I can't believe you guys almost had me fooled. When I first saw the test car that was parked outside my house and - since I live in an area where public illumination is pretty much non-existent – I couldn't see the fact that it was a convertible. So, I started doing what I do best, I used my magic knuckles and I knocked every part of the car to see what the fuss is about. Sort of like a virtual test drive before the actual test drive, just to see what I was supposed to expect.
Well, when I reached the canvas top something went wrong, since I wasn't expecting anything that soft at touch. So, obviously, I freaked out and made a run for it. Except, since it was dark, I stepped on the wrong part of a rake.

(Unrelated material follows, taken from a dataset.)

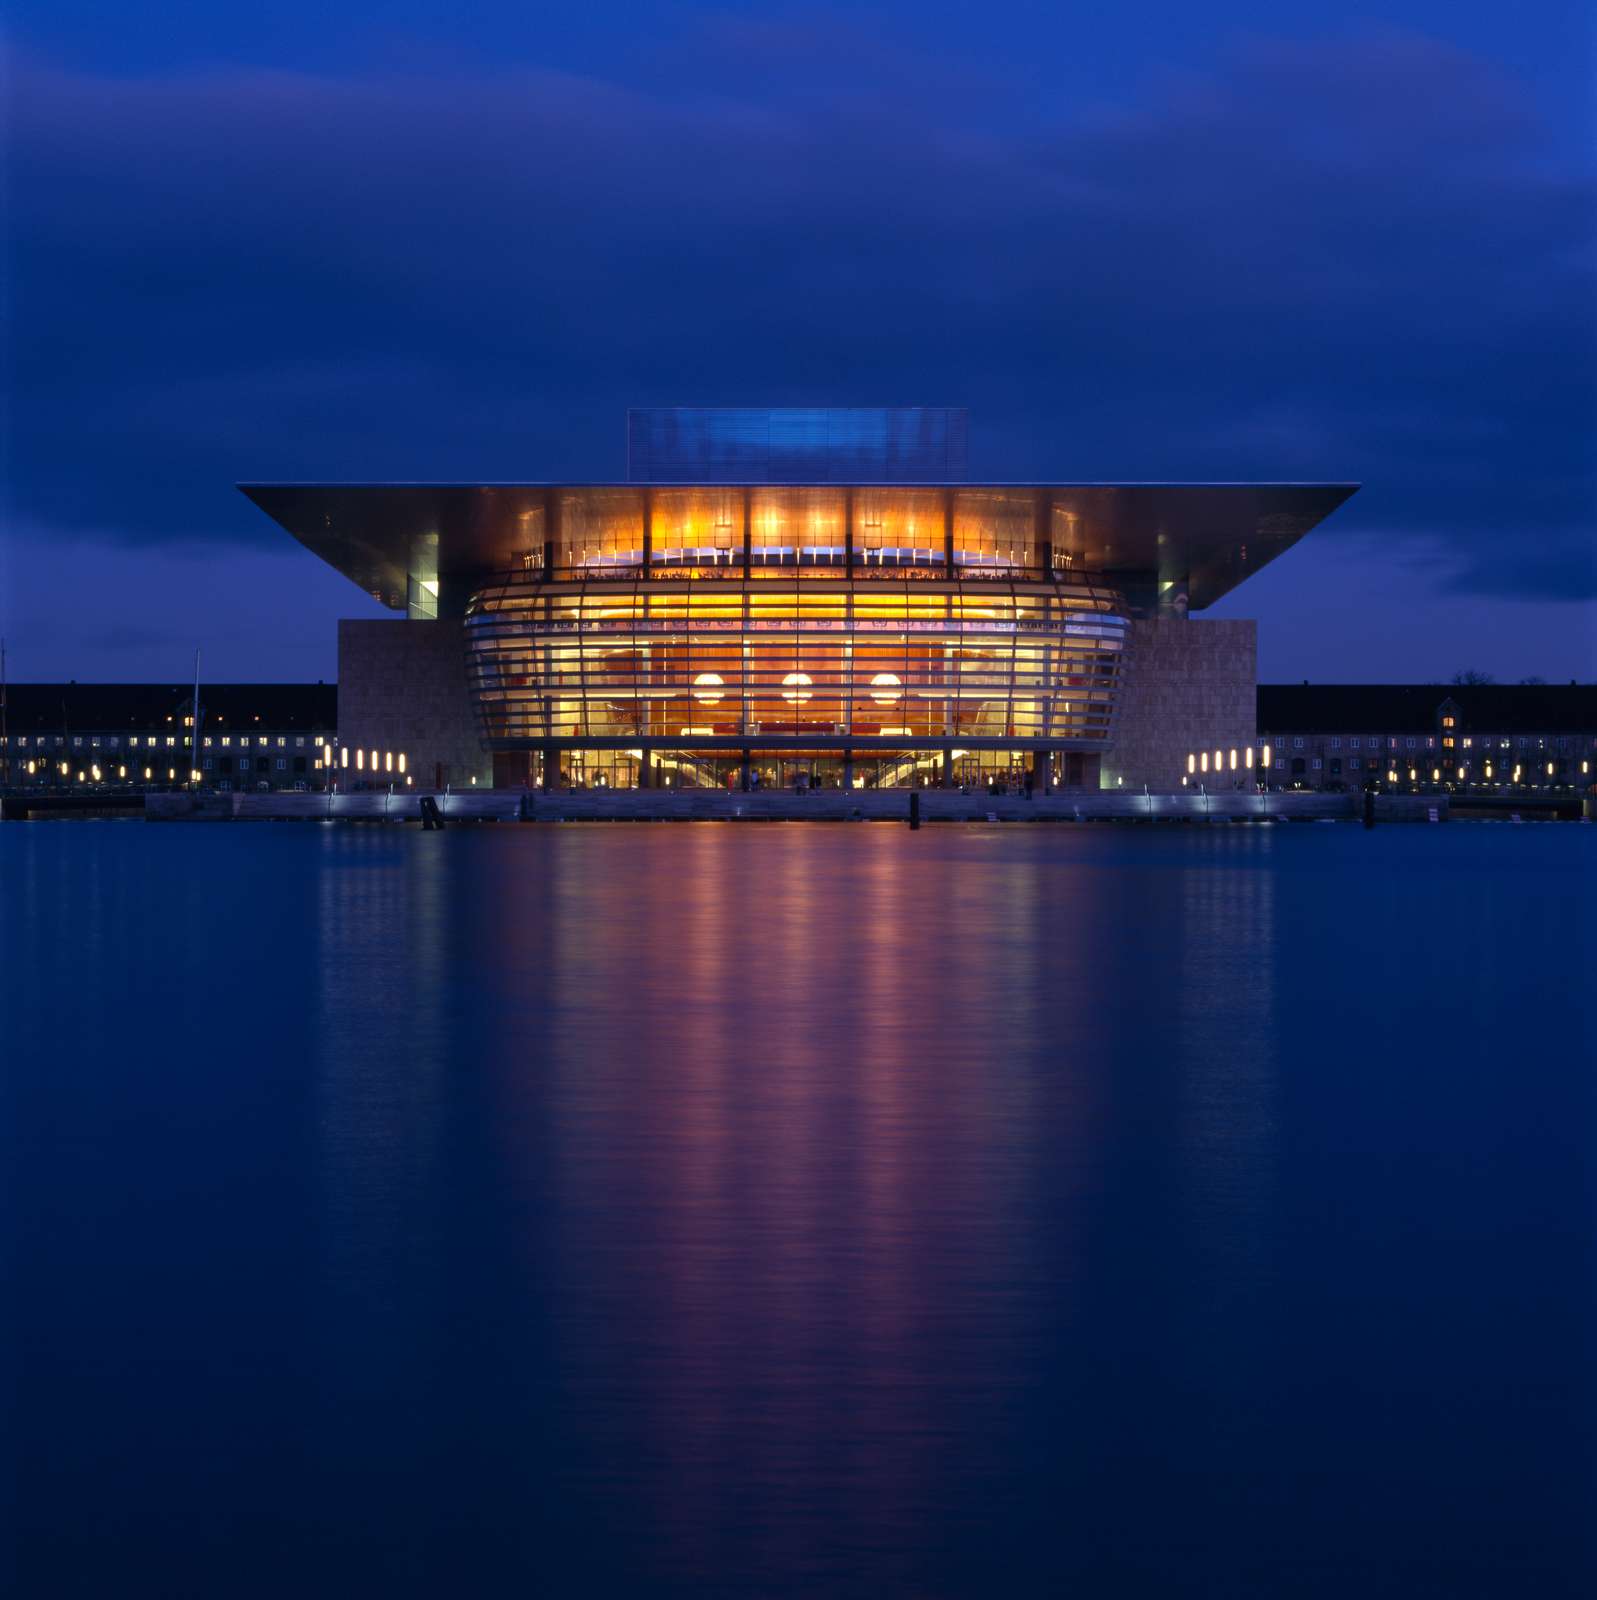 Copenhagen's Opera House

I believe you can guess what happened next...
Anyway, when I woke up the next day I finally saw that it's a convertible. And a nice one, I might add. Naturally, the most prestigious piece of pure elegance is the white and blue logo on the hood. I just love BMWs, did I mention this before? Too bad this one didn't have a diesel engine under that long hood and all wheel drive, than it would have been perfect for my summer raccoon hunting sessions.
Those little rascals are always in my truck's blind spot whenever I'm going hunting for next week's lunch. Did you know their meat is even tastier when mixed with squirrel? Plus, I also have a nice collection of raccoon hats. They're my most expensive piece of clothing.
A convertible would be perfect for one major reason. No blind spots! Which means the little bastards would have nowhere to hide from my 12-gauge Remington. Oh well, since it's only rear-wheel drive and no diesel engine, I'm afraid I going to say pass, although, come to think of it, you can always use it to pick up chicks. Yeah, that sold me, I would actually like one just for that reason.